To Pay or Not to Pay

It’s worth repeating: the gap between supply and demand for organs isn’t going to be closed by some clever change that makes the current altruism-based system more efficient. While there is still much that can be done in this regard – changing the current opt-in system for donors to an opt-out system is a big one – there is no true fix in sight. Covid-19 will only exacerbate the shortage in the near term, reducing voluntary donations and increasing the demand for organs by recovering victims of the virus.

Nor do I believe we could expect a straightforward meeting of the minds sometime down the road, in which goodwill and rationality prevail to produce some sort of well-regulated commodification. A lot of people with religious or ideological objections flat out reject the utilitarian view that the end of saving lives justifies the means.

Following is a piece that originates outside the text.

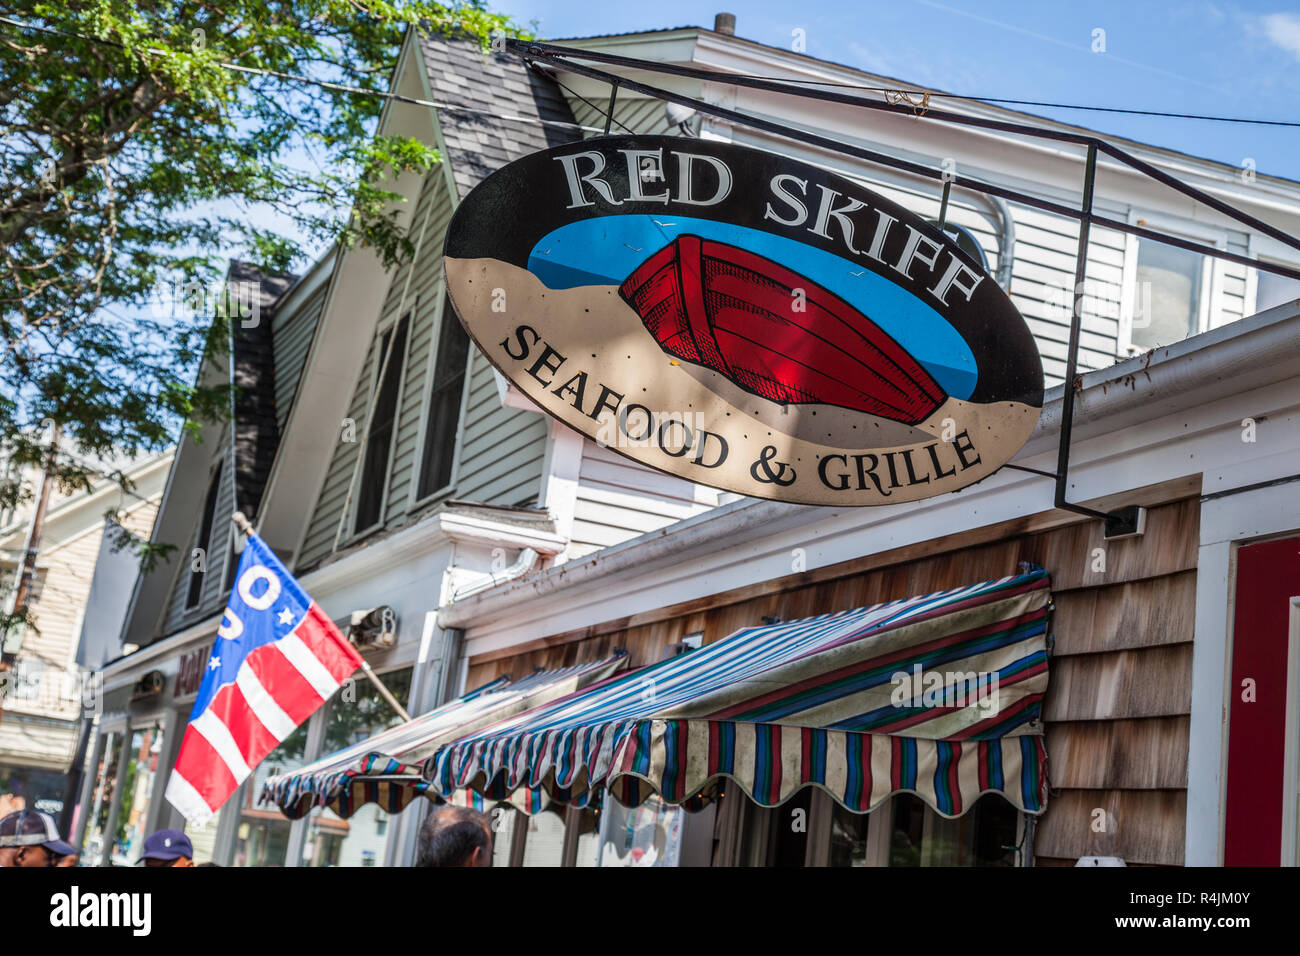 The Red Skiff Seafood Grill restaurant in Rockport, MA Stock Photo

Adding to the opposition to commodification is the reality that any change that sharply increases the supply of organs would create losers as well as winners. We don’t know how dialysis providers would respond to any sort of commodification proposal, but we can guess. The two largest providers have not in the past shied away from making their views known: they’ve spent $75 million in campaign contributions and lobbying since 2011.

• • •

Arguably the best hope for meeting future demand is the sort of incremental reform discussed above, which introduces commodification in an unthreatening way and slowly modifies public opinion. For all the hand-wringing about the difficulty of institutional reform in America, it does happen, and sometimes fairly rapidly – think of the success of the movements for marijuana legalization and gay marriage. And in the case of the transplantation system, change has natural allies in the growing numbers who will need transplants and won’t be able to obtain them.